My life before sobriety wasn’t all bad. But most days, for at least five years, I fought with a panicked, angry voice in my head that said I needed to die. The end of 2019 saw me in a Medicaid clinic with a medical resident younger than me patiently going over a list of questions he was required to ask of depressed patients. I explained that yes, I wanted to kill myself, but it was just logical. I was a burden—on people, on systems. I had drained my own resources attempting to resolve a depression that had ultimately been deemed “treatment resistant,” and now here I was, on Medicaid and unable to work. I can’t work so I should die was a deeply American logic I had internalized, and in my frustration at his obtuse refusal to agree that I was simply being practical, I began to cry.

At first, the resident said, “But you know that’s just your depression, right? That’s the only reason you think that.” And I snapped, no—the depression was the physical heaviness, the brain fog, the constant hunger for sleep, the excruciating fucking unending psychological pain. I believed the knowledge that I was better off dead was just that: knowledge; reason.

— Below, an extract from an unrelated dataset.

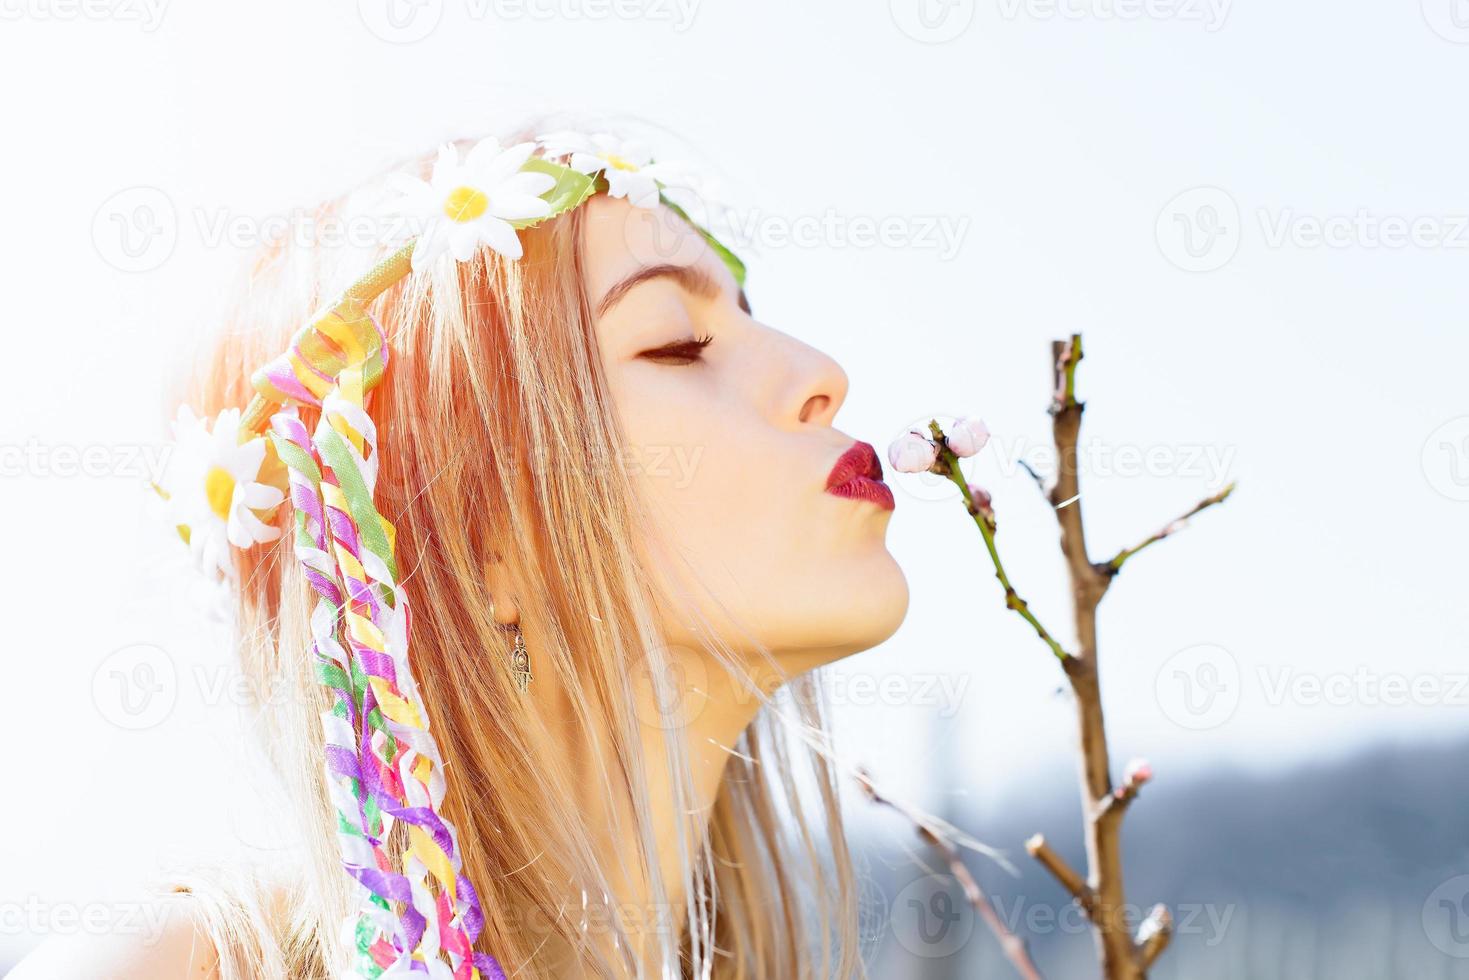 kus een bloemknop foto

He looked at me differently, then paused and said something like, “I’m sorry you’re feeling that. I hope you can believe me when I say that it isn’t true. And you shouldn’t feel this way. We will find you resources.” I sobbed then, cracked open by the discovery that the only thing that hurt worse than the pain I’d been in was getting precisely what I didn’t realize I’d been craving: human kindness, and hope. I stopped drinking and using soon after.
 
The times I've been this low, I was lucky and got help that to this day I still don't think I was worthy of, but it saved me nonetheless. I can relate to feeling like a burden and black hole to toss resources down with no hope of escape or redemption.
 
Luckily I know what that voice sounds like now, and not to listen to it.